Antibiotic resistance is one of the world's most serious threats to public health, forcing the use of medications that are more toxic, more expensive and not always effective. There are several causes, including over-prescription of antibiotics in both humans and in livestock.
Two engineers with the University of Houston have embarked on a project to determine whether the use of tiny amounts of antibiotics embedded in corn-based nanoparticles could allow the use of lower dosages and avoid wiping out the microbiome - the collection of both healthy and disease-causing bacteria found in the intestines - and the resulting genetic mutations that lead to antibiotic resistance.
Debora Rodrigues, associate professor of civil and environmental engineering, and Stacey Louie, assistant professor of civil and environmental engineering, have developed a reactor to simulate pig intestines in order to study how antibiotics react in the pig microbiome.

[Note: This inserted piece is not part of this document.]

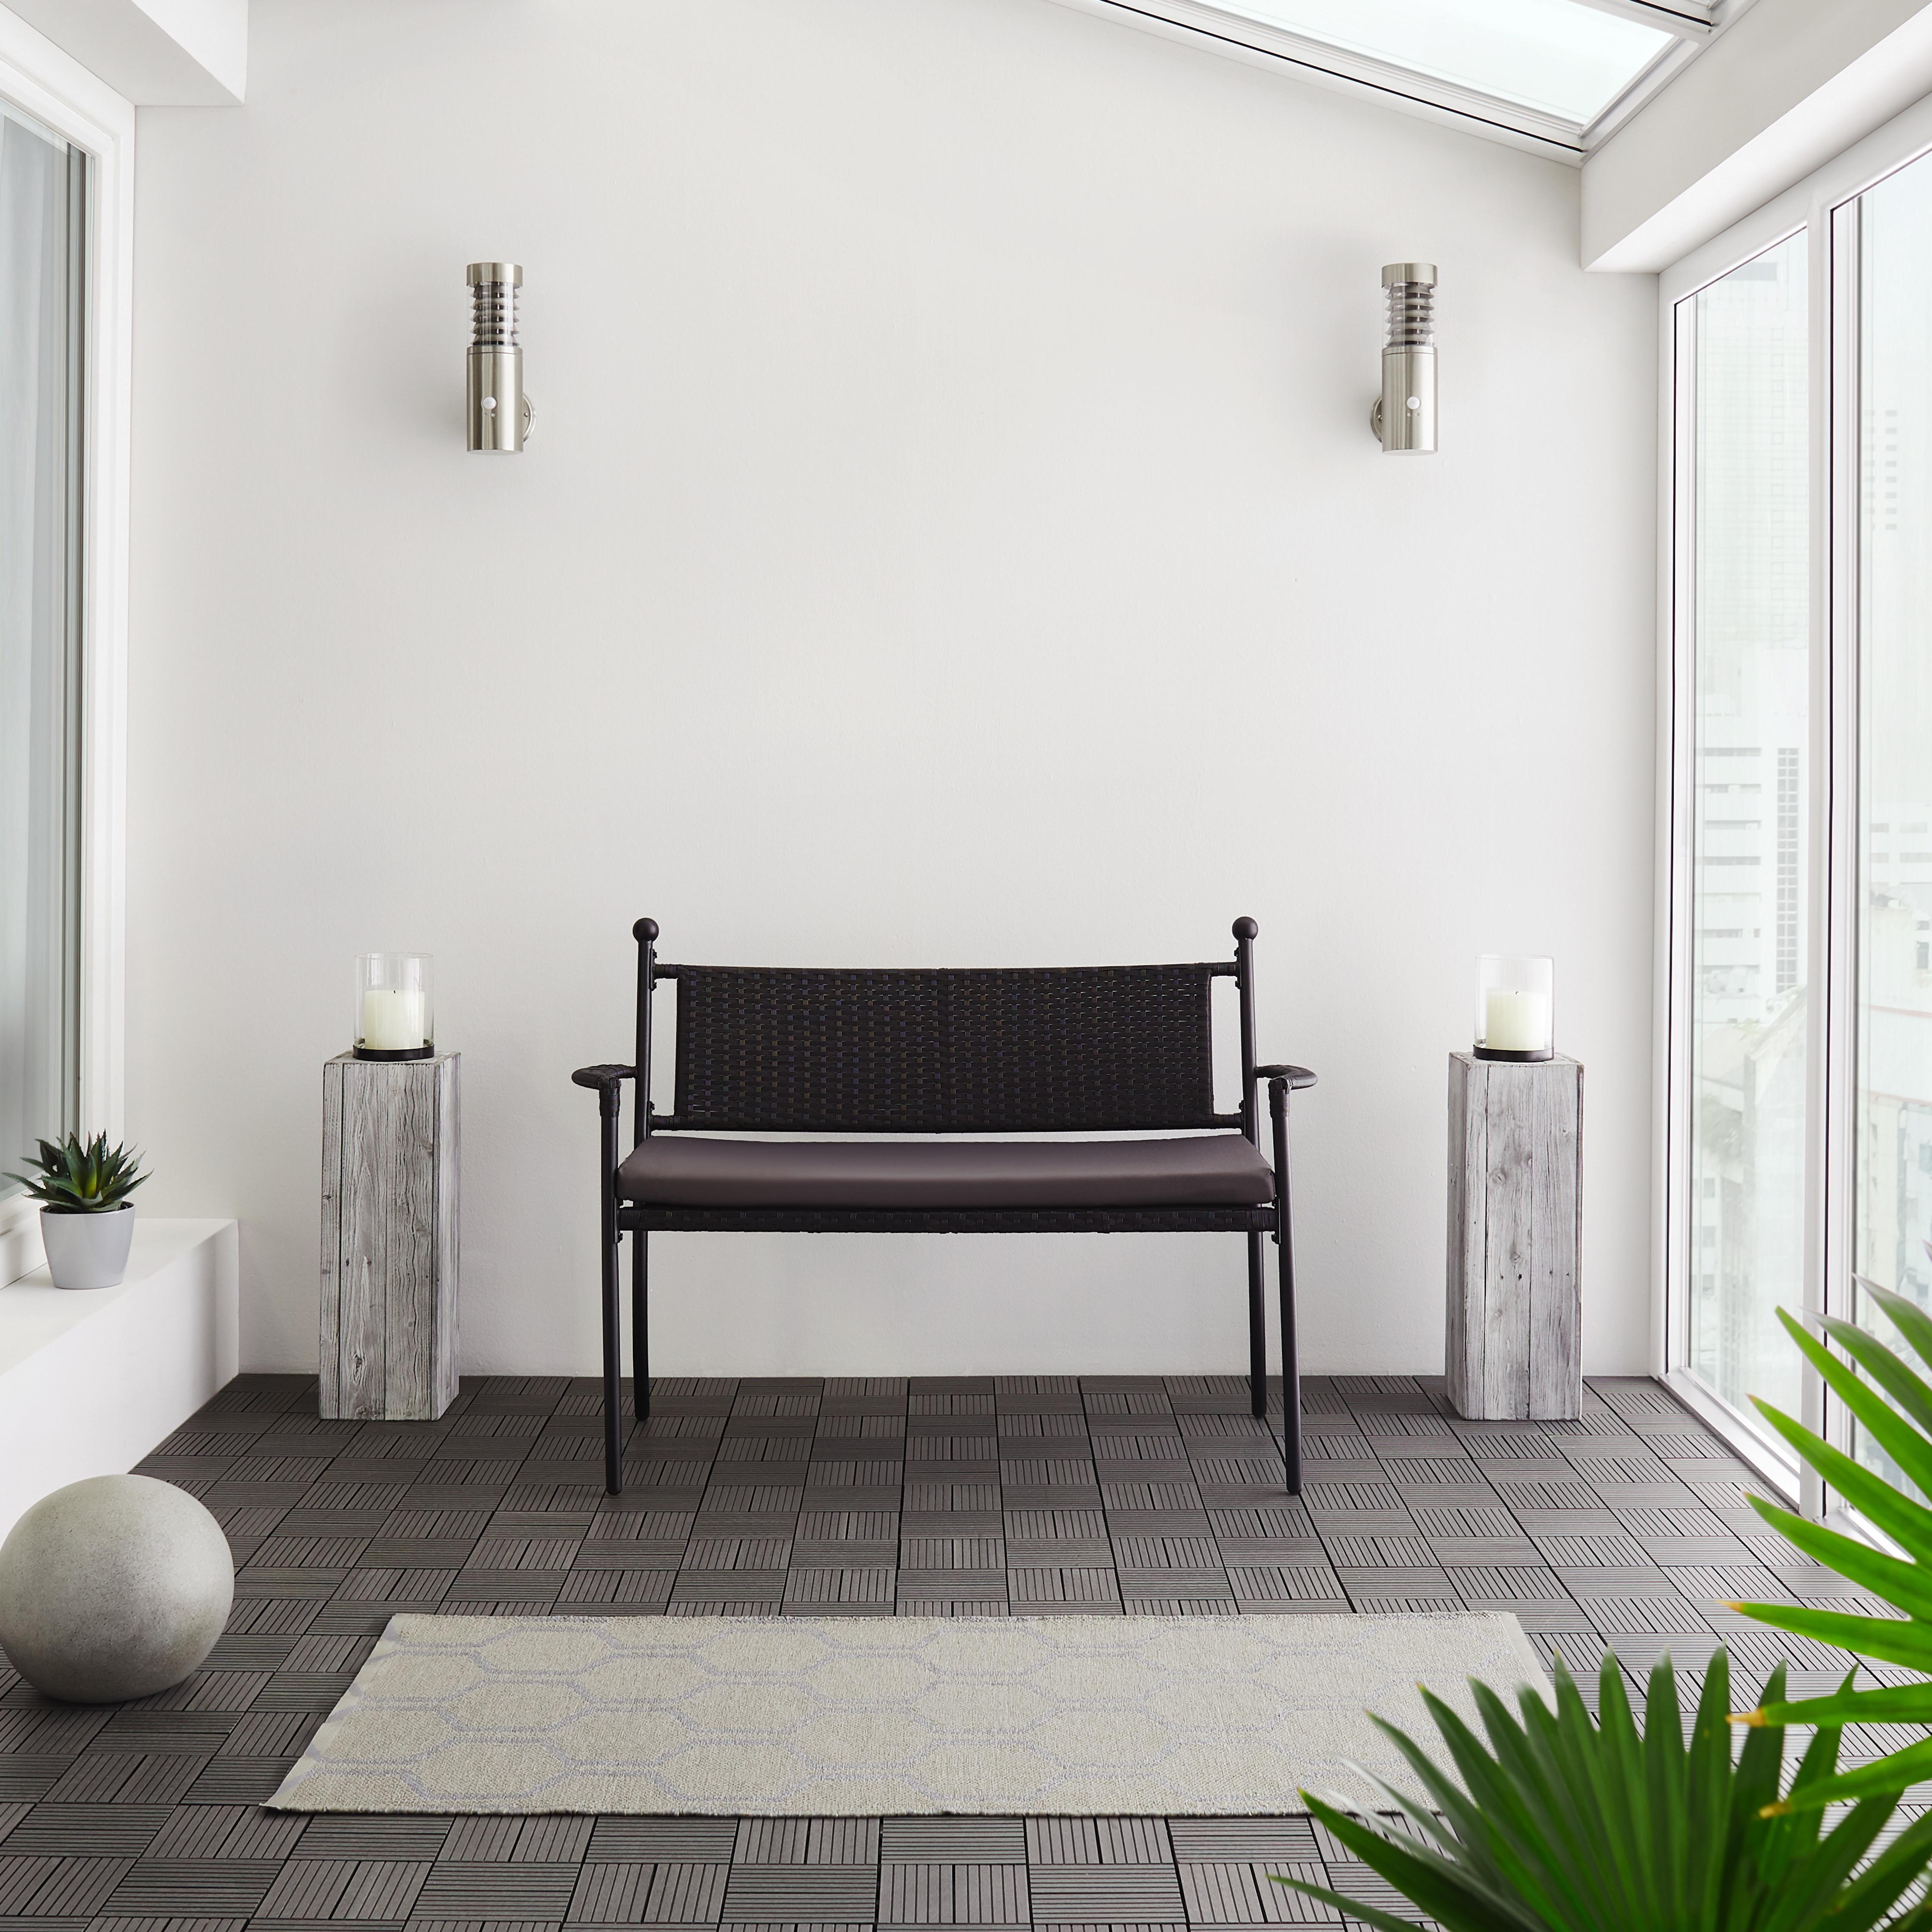 Gartenbank Eva inkl. Auflage - Dunkelgrau/Schwarz, MODERN, Kunststoff/Textil (120/85/60cm) - Modern Living

"Pigs have a lot of similarities to humans," said Rodrigues, principal investigator on a $437,535 grant from the USDA National Institute of Food and Agriculture. "We are working with livestock, but ultimately it could be helpful for humans."
Collaborators Cristina Sabliov and Carlos Astete at Louisiana State University will create corn-based nanoparticles loaded with antibiotics for the project.
Early data supports the researchers' hypothesis that the plant-based nanoparticles will be less toxic than many other forms of nanoparticle. They are designed to dissolve in the simulated pig intestine.
The reactor mimics a pig's lower intestine, with a dialysis bag positioned to capture nutrients as pig slurry is funneled through. Louie said the bag functions much like the gut, allowing water, sugars and other nutrients to pass through.
Antibiotics - both at regular dosages and the minute amounts in the nanoparticles - will be added to the slurry, allowing the researchers to test how the drugs affect the microbiome at different dosages.
The goal is to determine if administering antibiotics in a different way will avoid the widespread damage to the microbiome associated with current practices.
"We'll study how the microbial community is changing and what genes related to antibiotic resistance are emerging," Rodrigues said.